## About this exercise
What should come back is the data below, word for word, minus any picture.

## Collected data
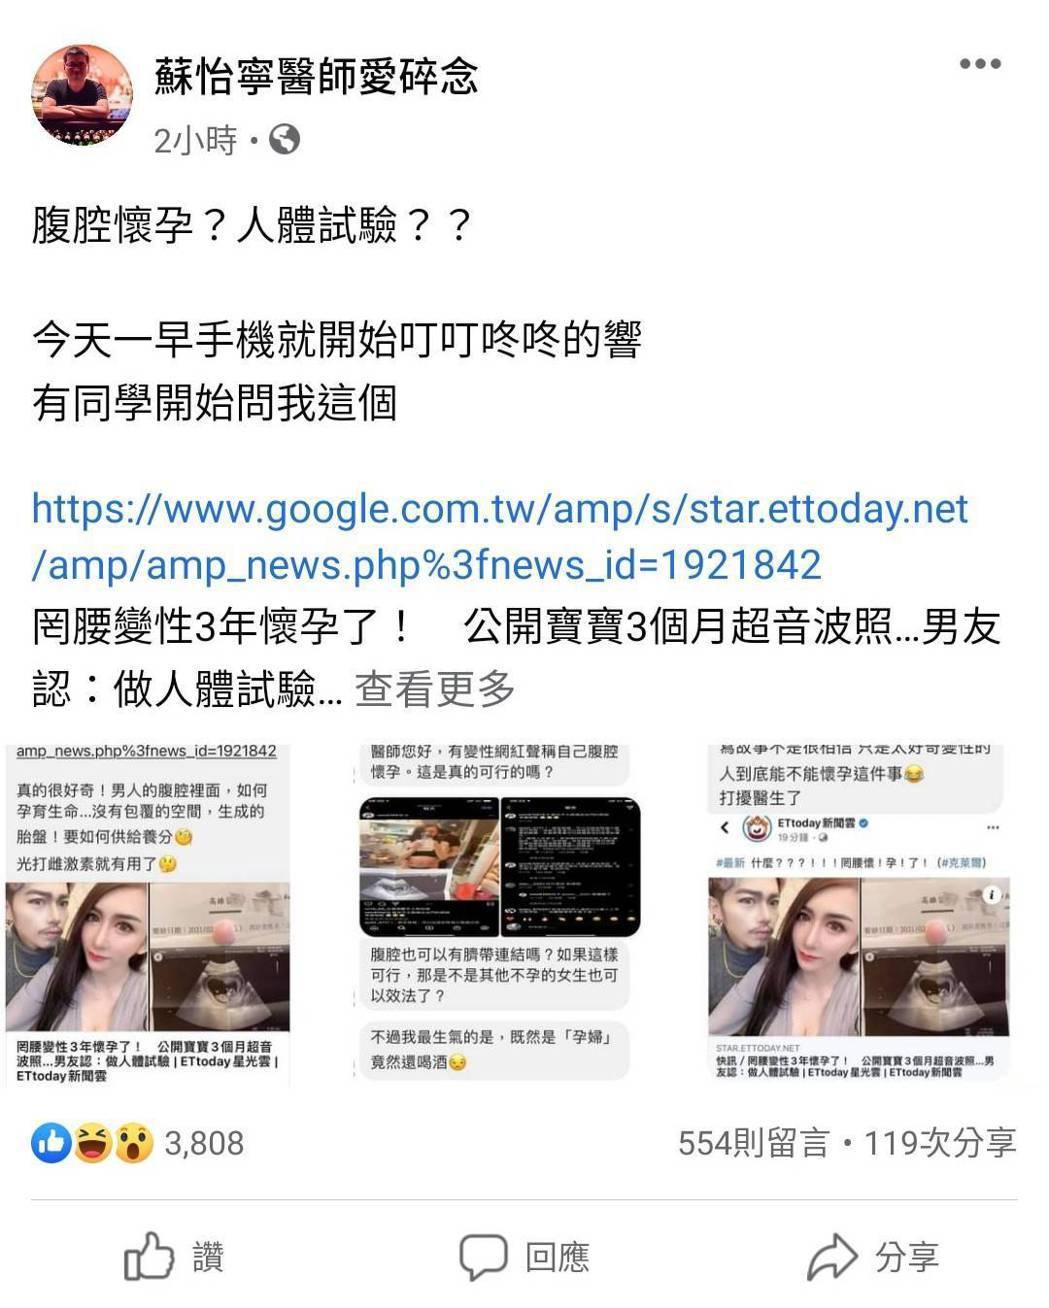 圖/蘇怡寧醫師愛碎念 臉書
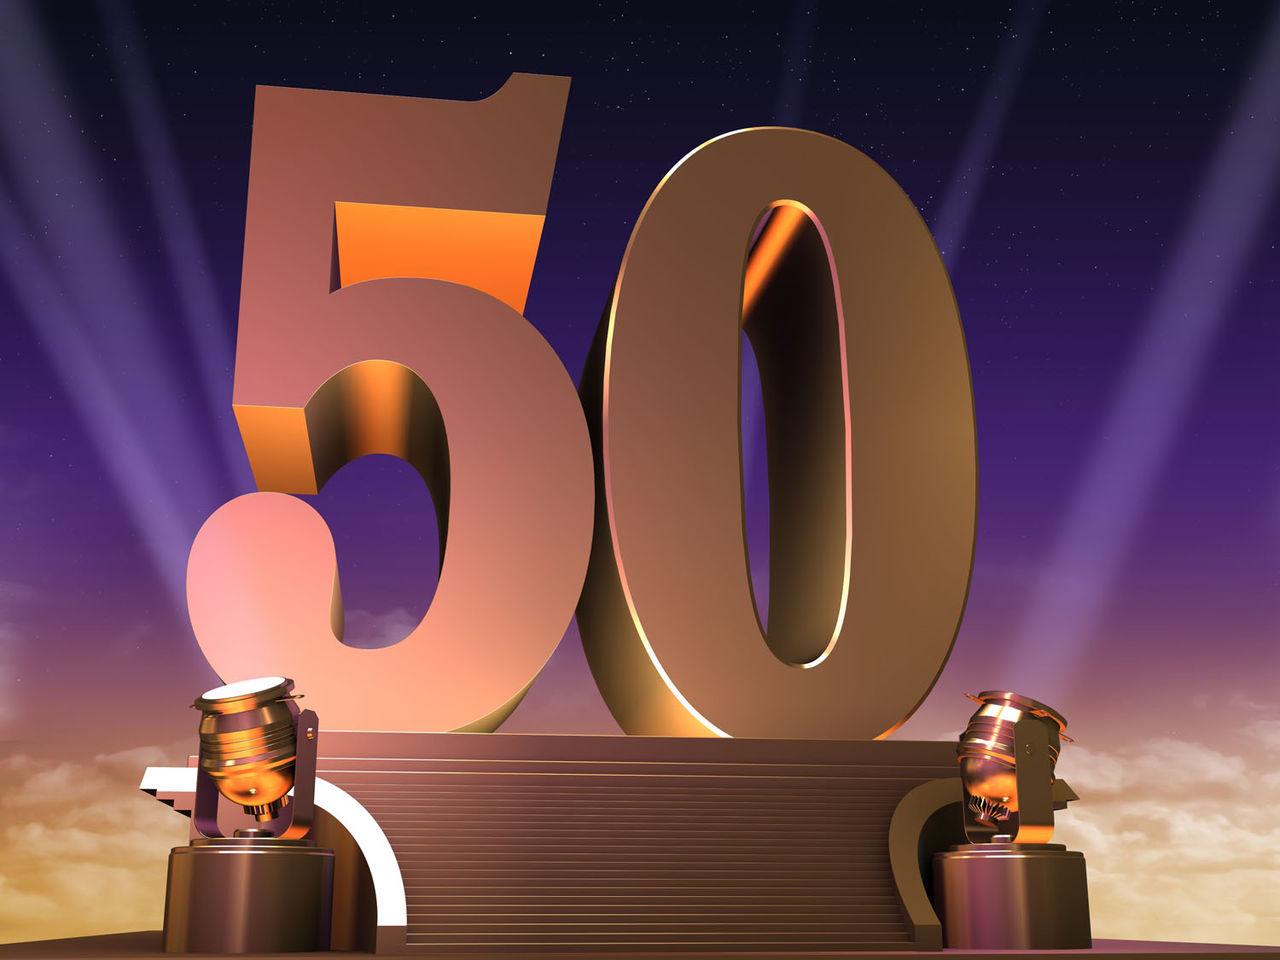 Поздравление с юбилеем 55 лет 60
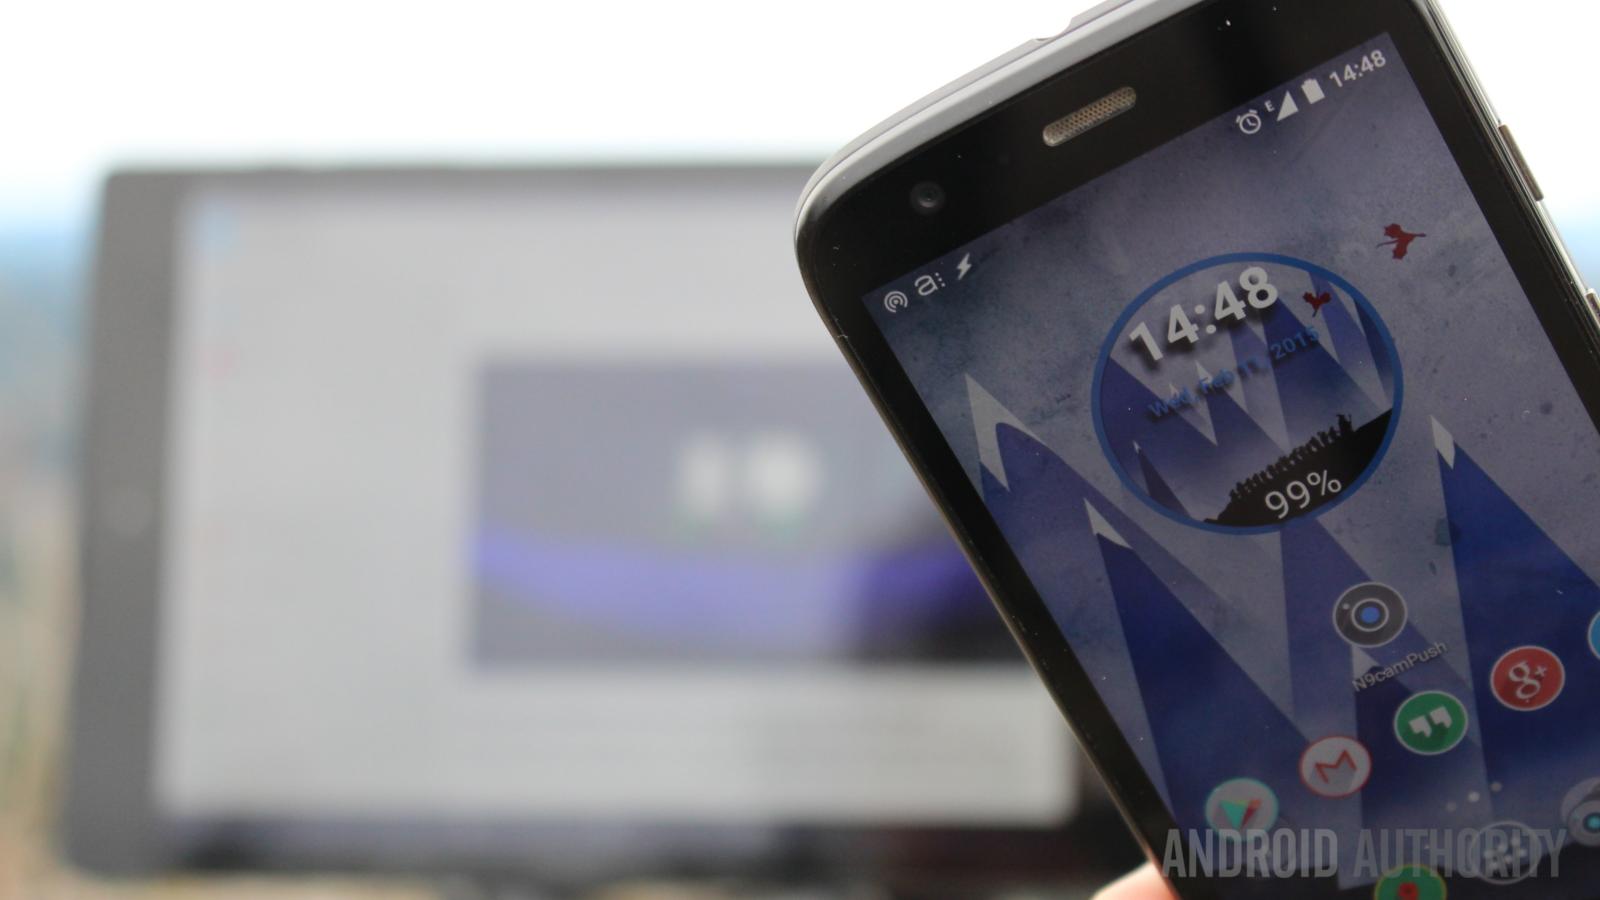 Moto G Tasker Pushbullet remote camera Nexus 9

## Response area
 圖/蘇怡寧醫師愛碎念 臉書
 Поздравление с юбилеем 55 лет 60
 Moto G Tasker Pushbullet remote camera Nexus 9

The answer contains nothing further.